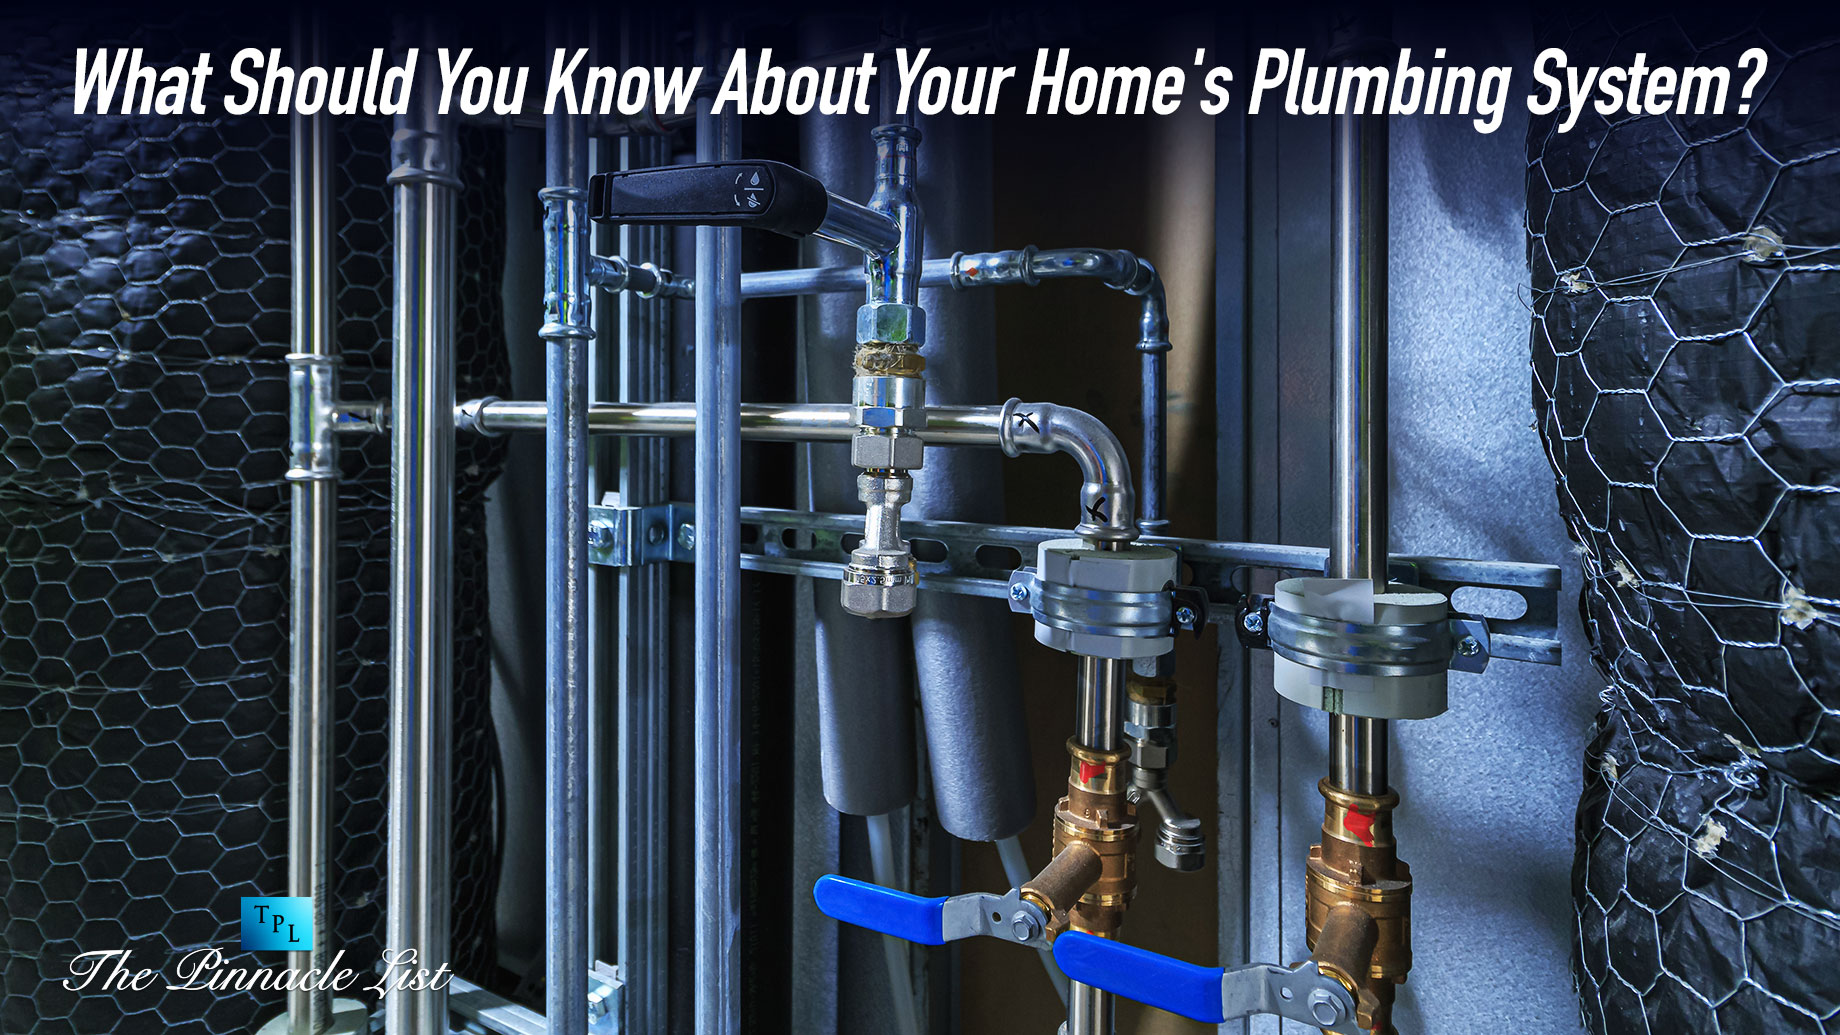 What Should You Know About Your Home's Plumbing System?
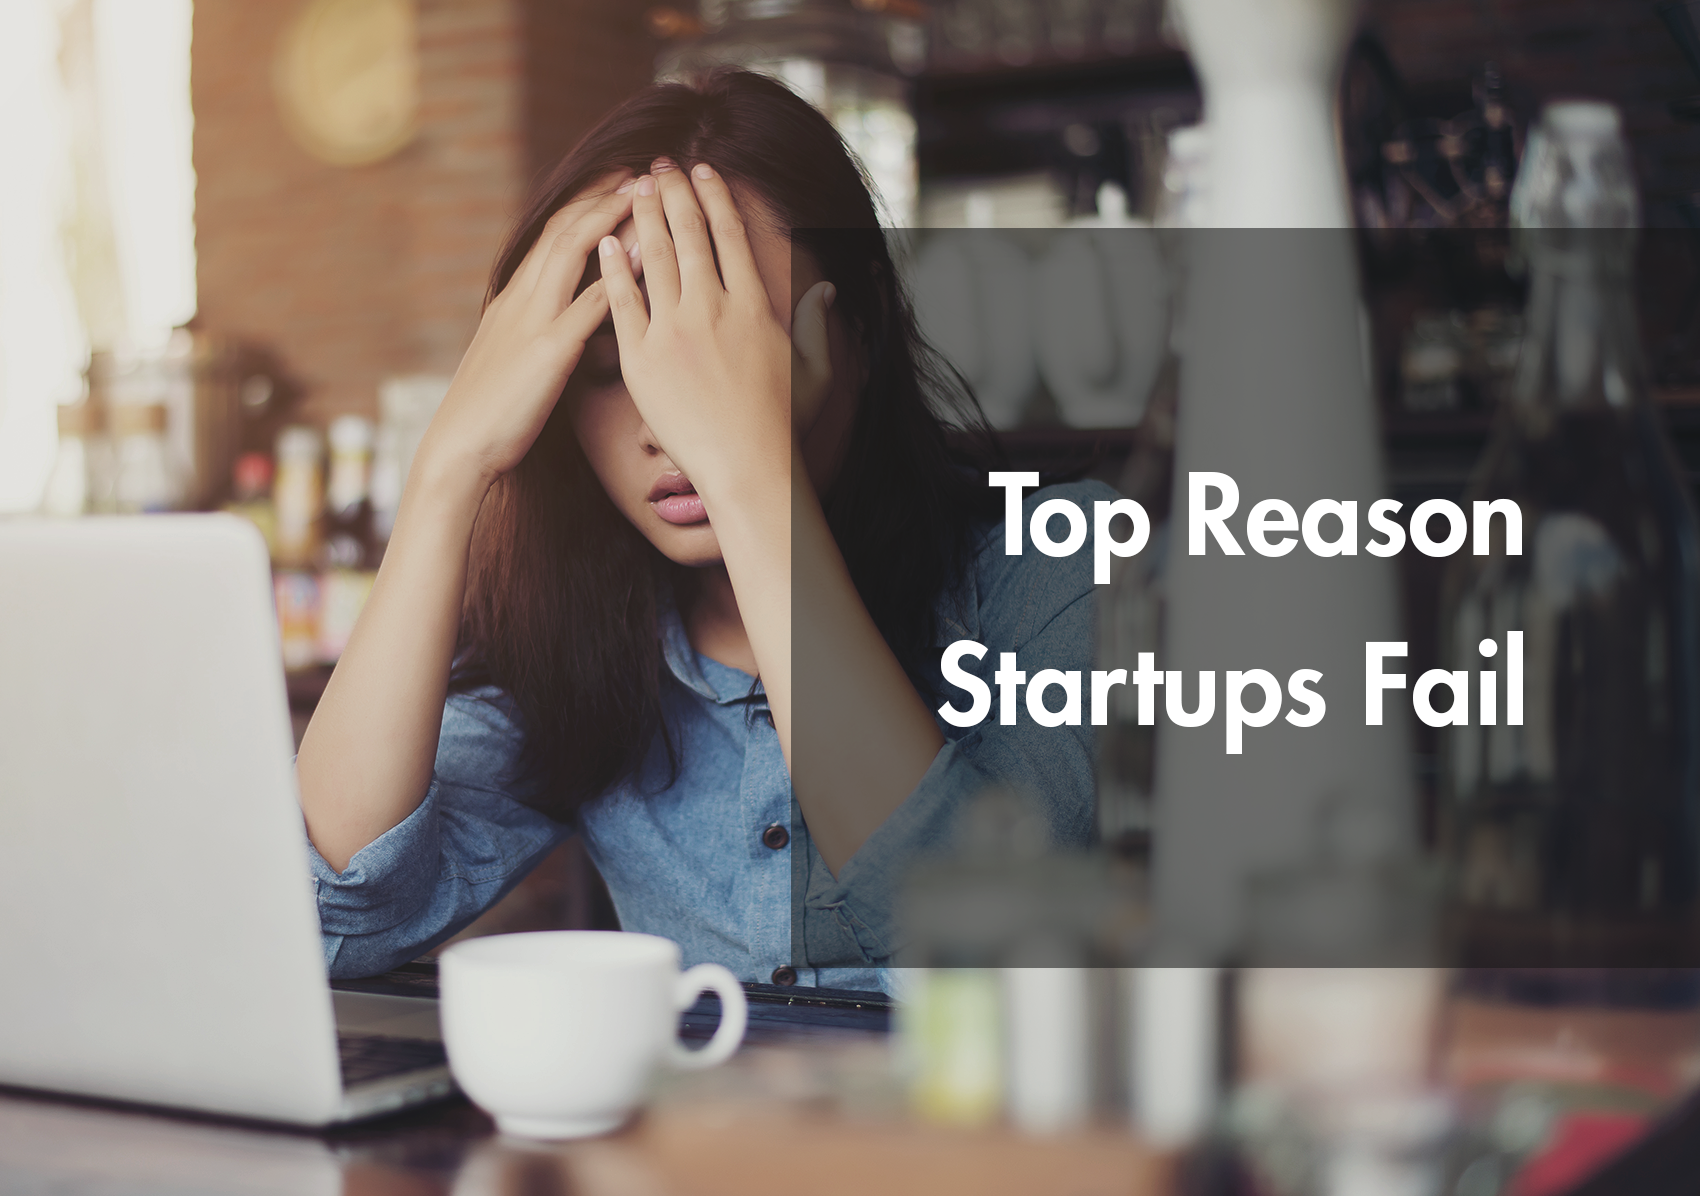 Top Reason Startups Fail: Not Finding the Right Talent
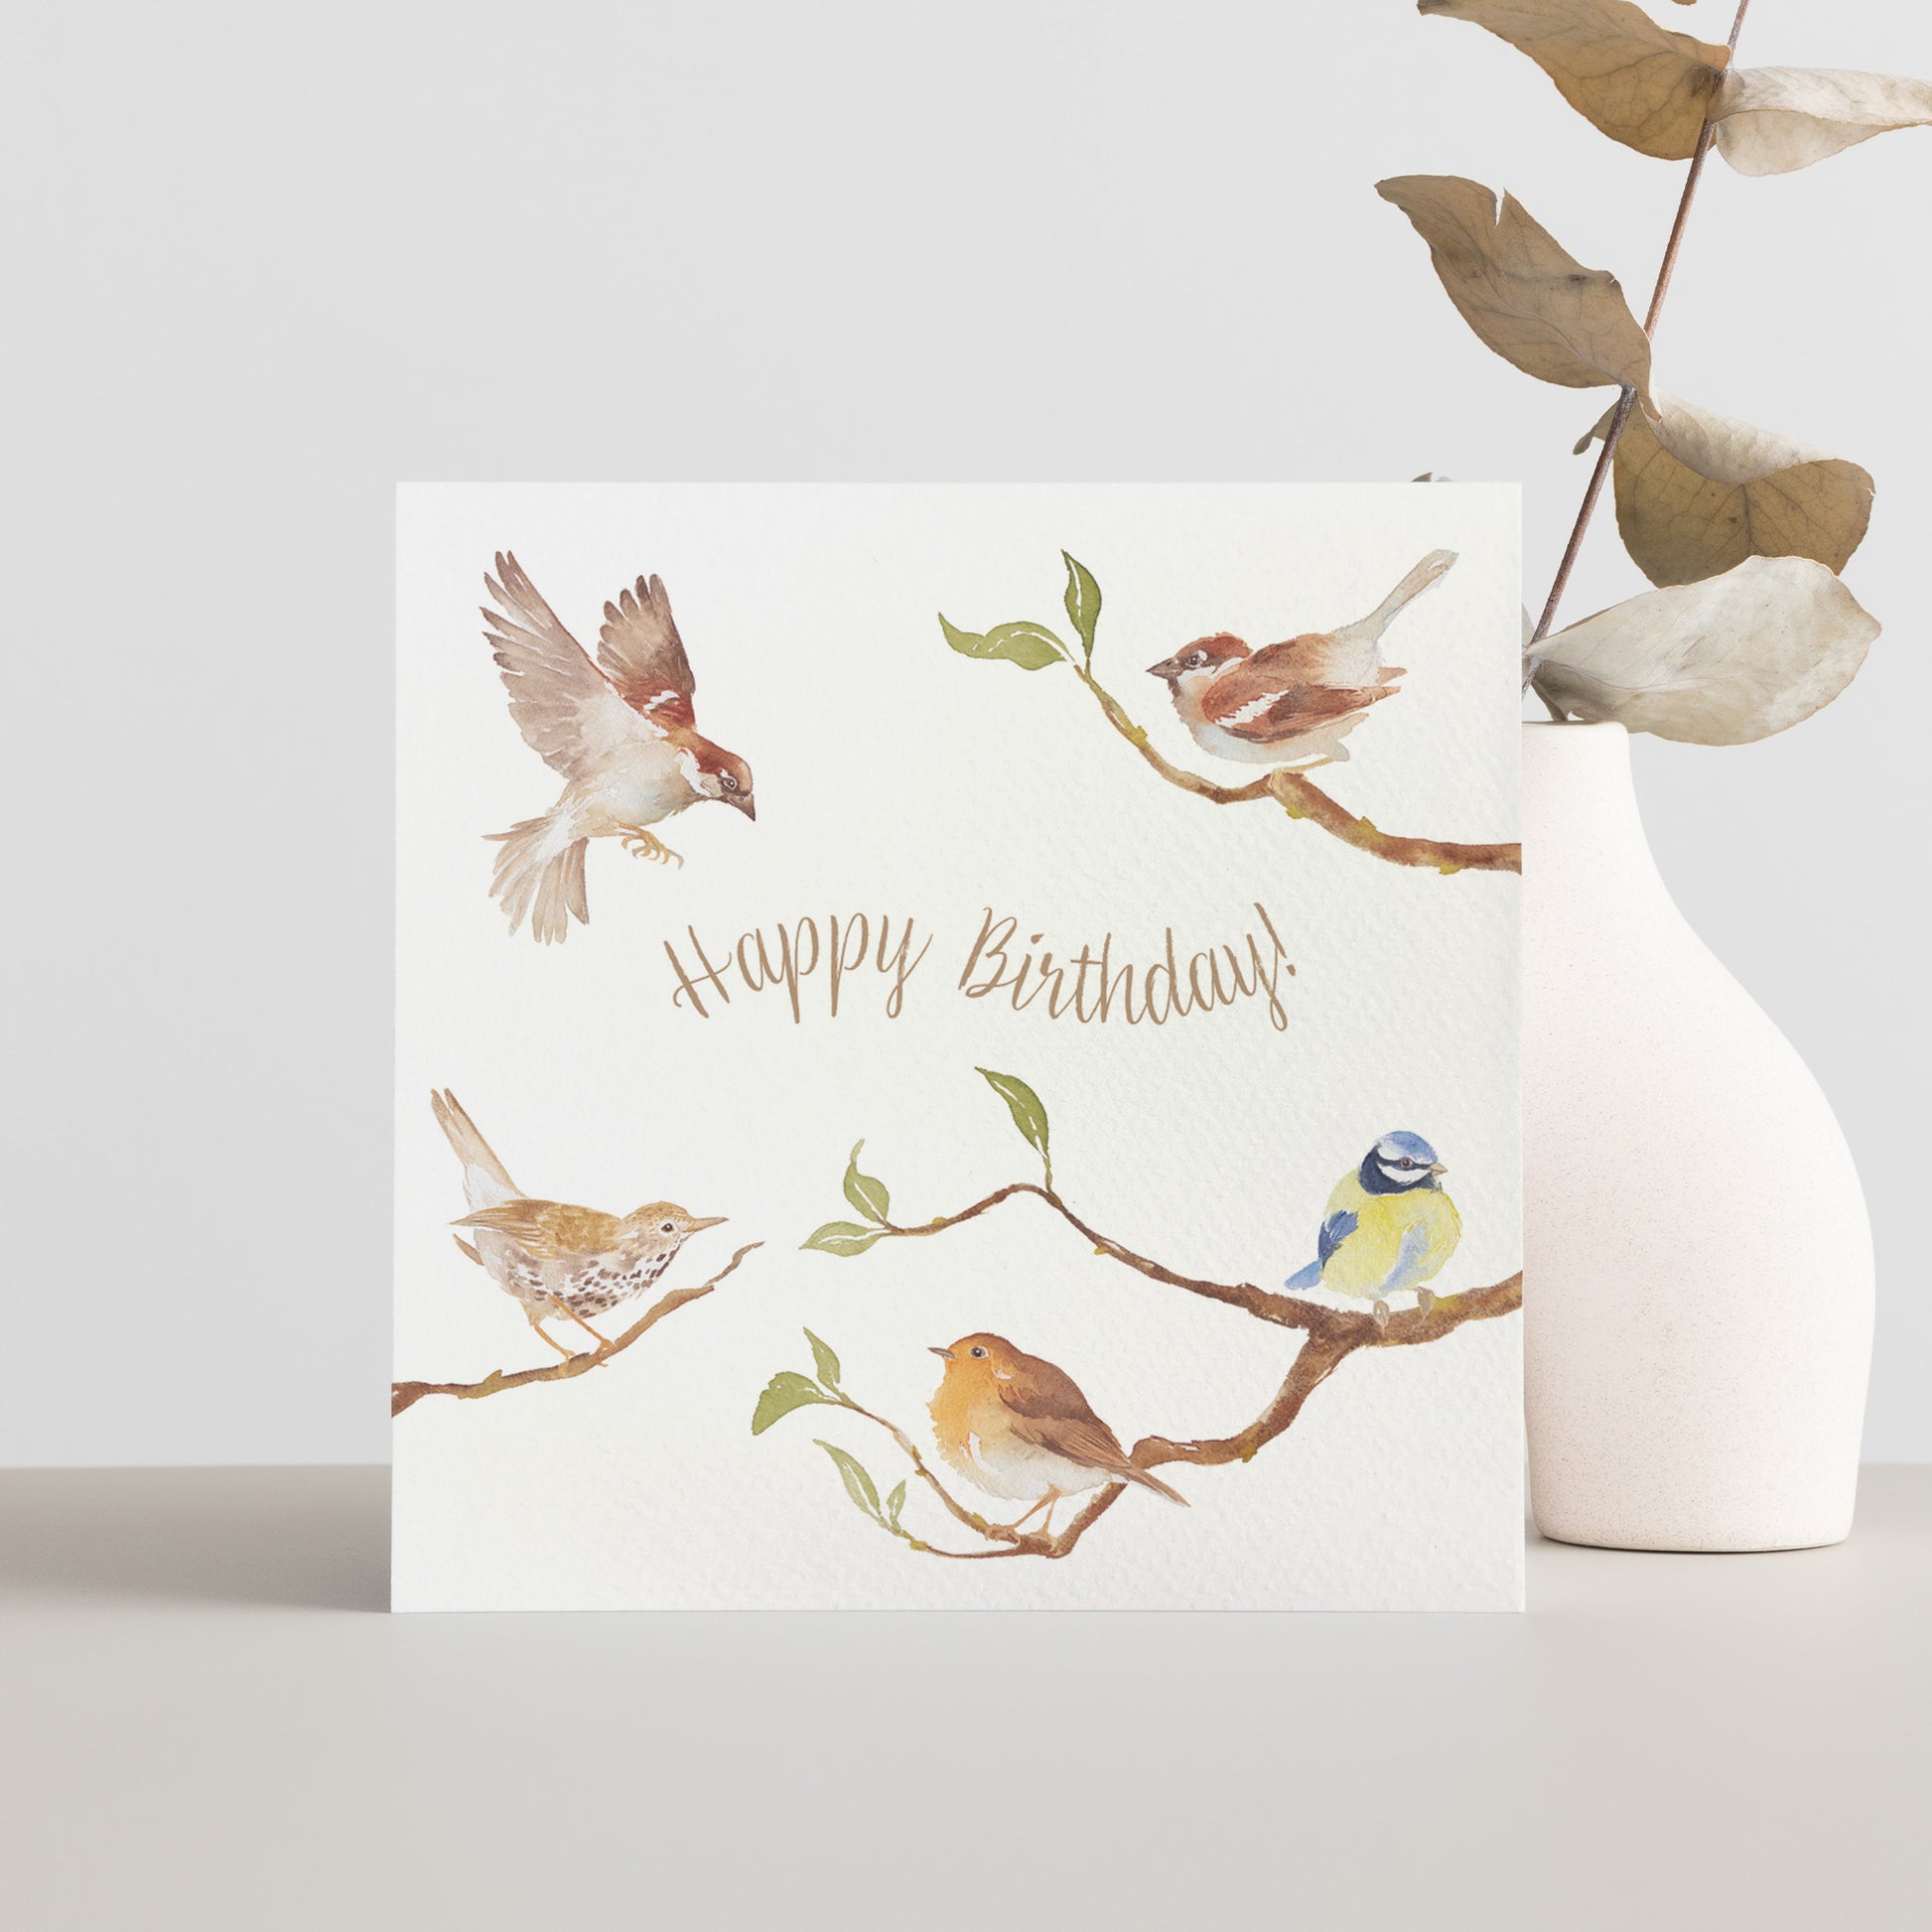 A greetings card reading Happy Birthday in brown text surrounded by garden birds on branches in a watercolour style.

------------------------------------------------------------------------

The listing above should be repeated word for word, with every image left out.

 What Should You Know About Your Home's Plumbing System?
 Top Reason Startups Fail: Not Finding the Right Talent
 A greetings card reading Happy Birthday in brown text surrounded by garden birds on branches in a watercolour style.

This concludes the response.